A 40.0cm diameter loop is turned to the position where the largest flux is handled in a uniform electric field. In this position, the flux is obtained as 5.20 × 10 ^ 5 N.m ^ 2 / c. Find the twist of the electric field.
To find the twist of the electric field, we need to use the formula for flux through a loop:
Φ = E * A * cos(θ)
Where:
Φ is the flux through the loop,
E is the electric field strength,
A is the area of the loop, and
θ is the angle between the electric field and the normal to the loop.
In this case, we are given the diameter of the loop, so we can calculate the area of the loop:
A = π * (r^2)
Where r is the radius of the loop, which is half the diameter.
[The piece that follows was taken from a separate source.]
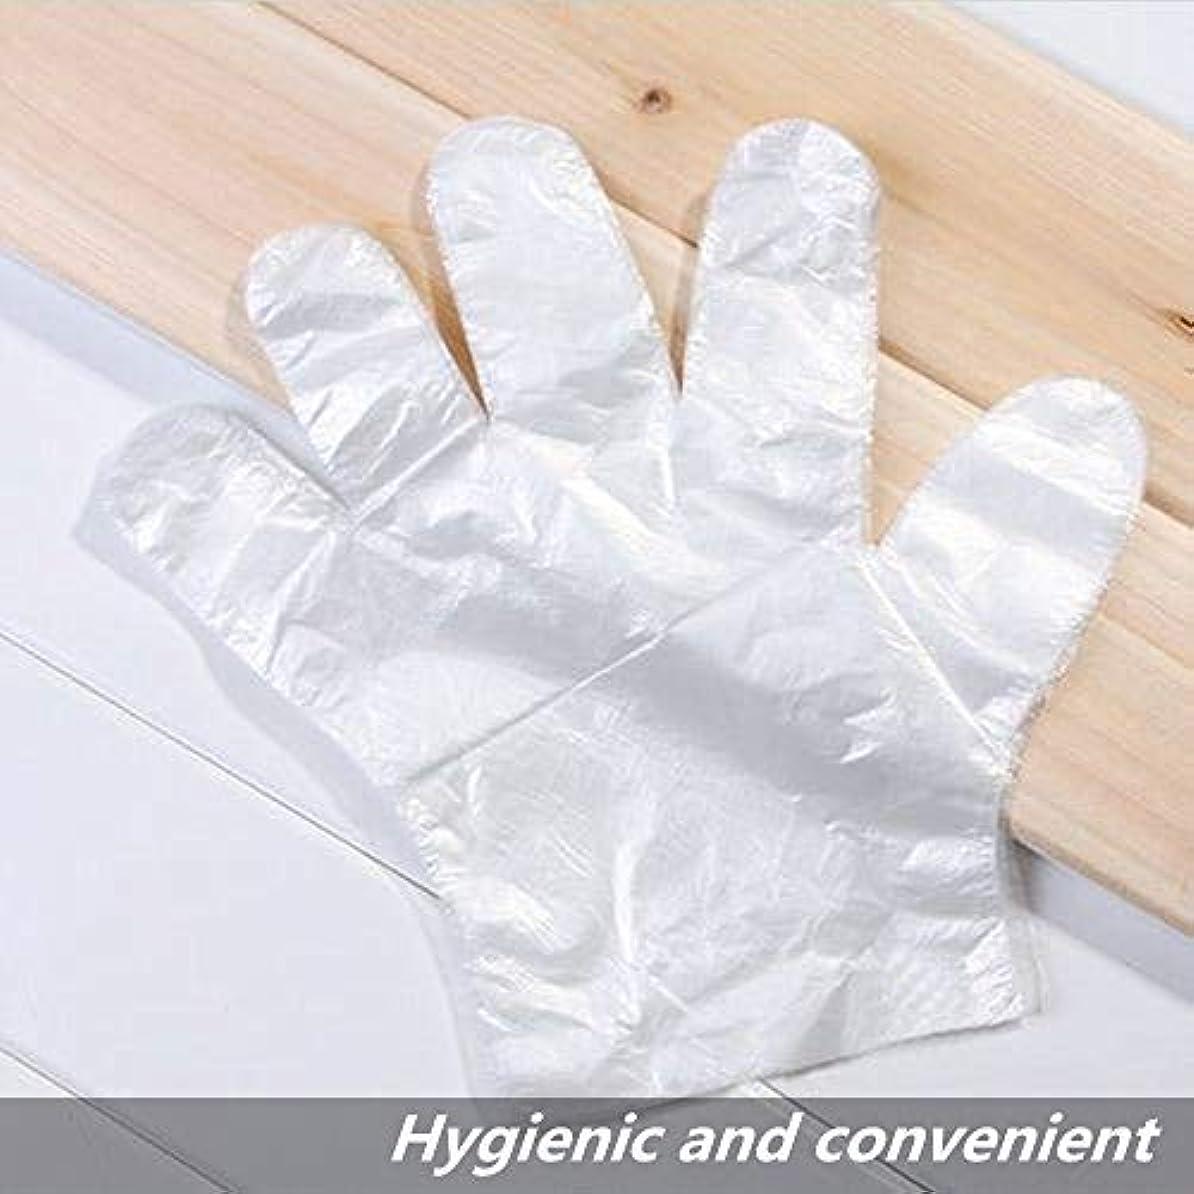 バルセロナグラム十分ではない使い捨て手袋 プラスチック製使い捨て手袋 超薄型多機能透明なプラスチック手袋調理、掃除、染色などに適しています 50または100個 (50)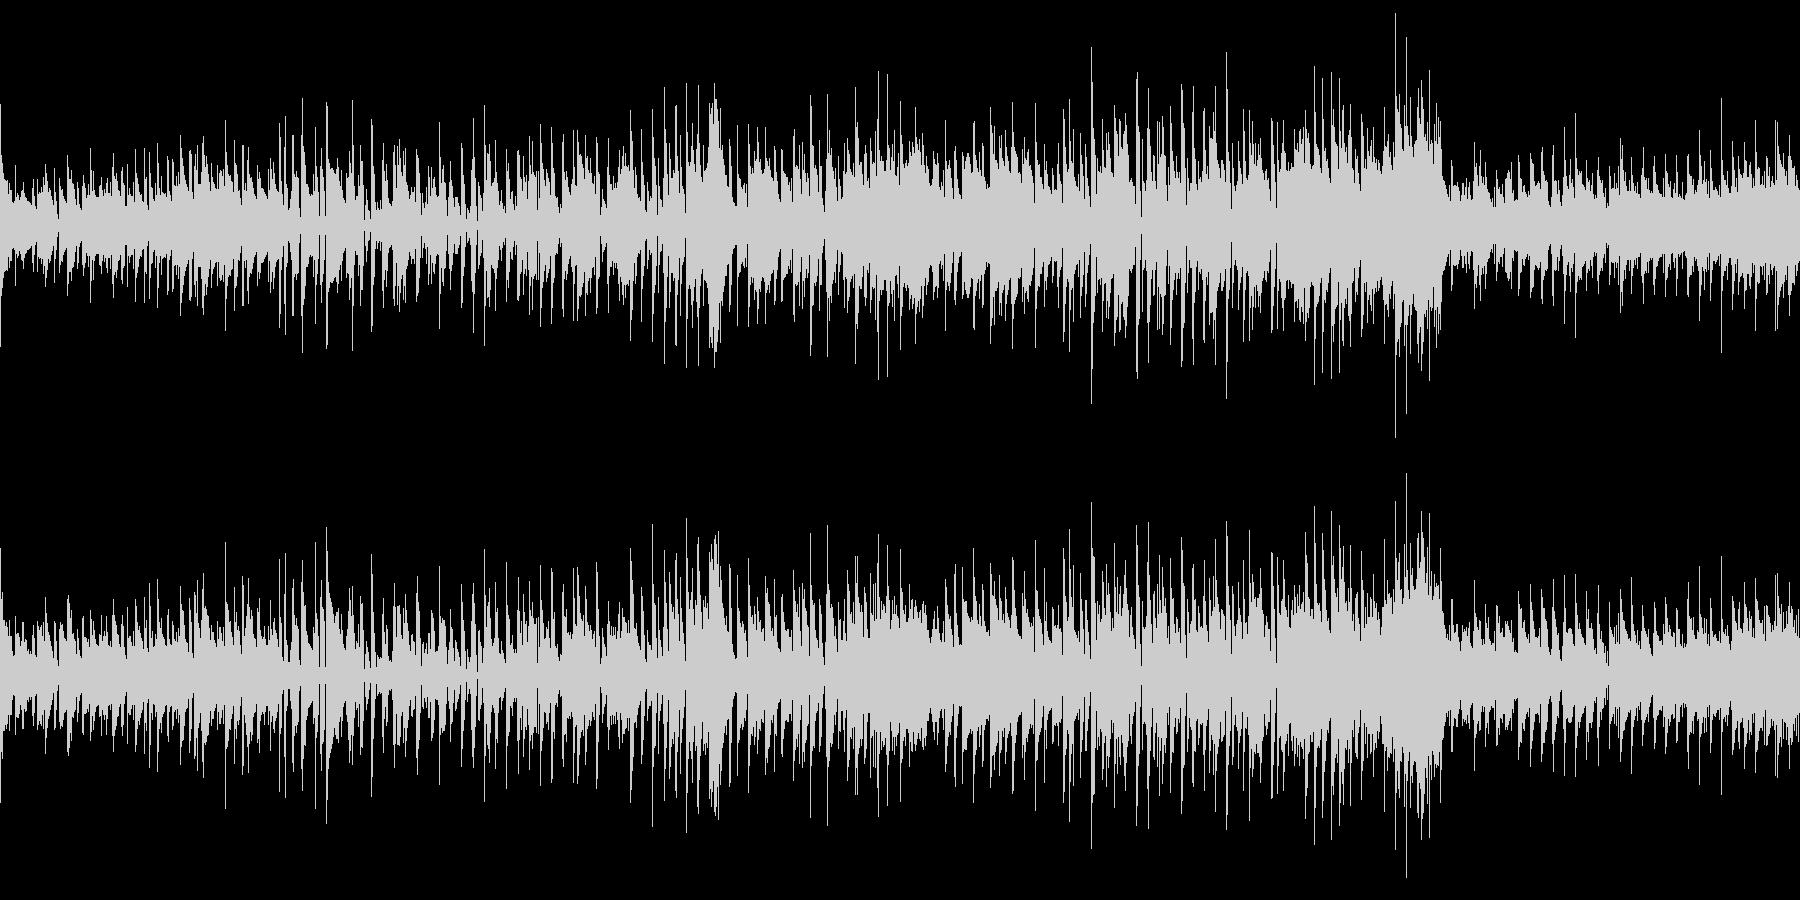 大人な雰囲気のジャズ (ループ仕様)の未再生の波形

So,
r = 40.0 cm / 2 = 20.0 cm = 0.20 m
A = π * (0.20 m)^2 = 0.1257 m^2
Now, we can rearrange the formula for flux to solve for the electric field strength (E):
E = Φ / (A * cos(θ))
We are given the flux (Φ) as 5.20 × 10^5 N.m^2/C. However, we still need to find the angle (θ) between the electric field and the normal to the loop. Since the problem states that the loop is turned to the position where the largest flux is obtained, we know that the electric field and the normal to the loop are parallel. In this case, the angle between them will be 0°, or cos(θ) = cos(0°) = 1.
Now, we can calculate the electric field strength (E):
E = (5.20 × 10^5 N.m^2/C) / (0.1257 m^2 * 1)
E ≈ 4.14 × 10^6 N/C
So, the twist of the electric field is approximately 4.14 × 10^6 N/C.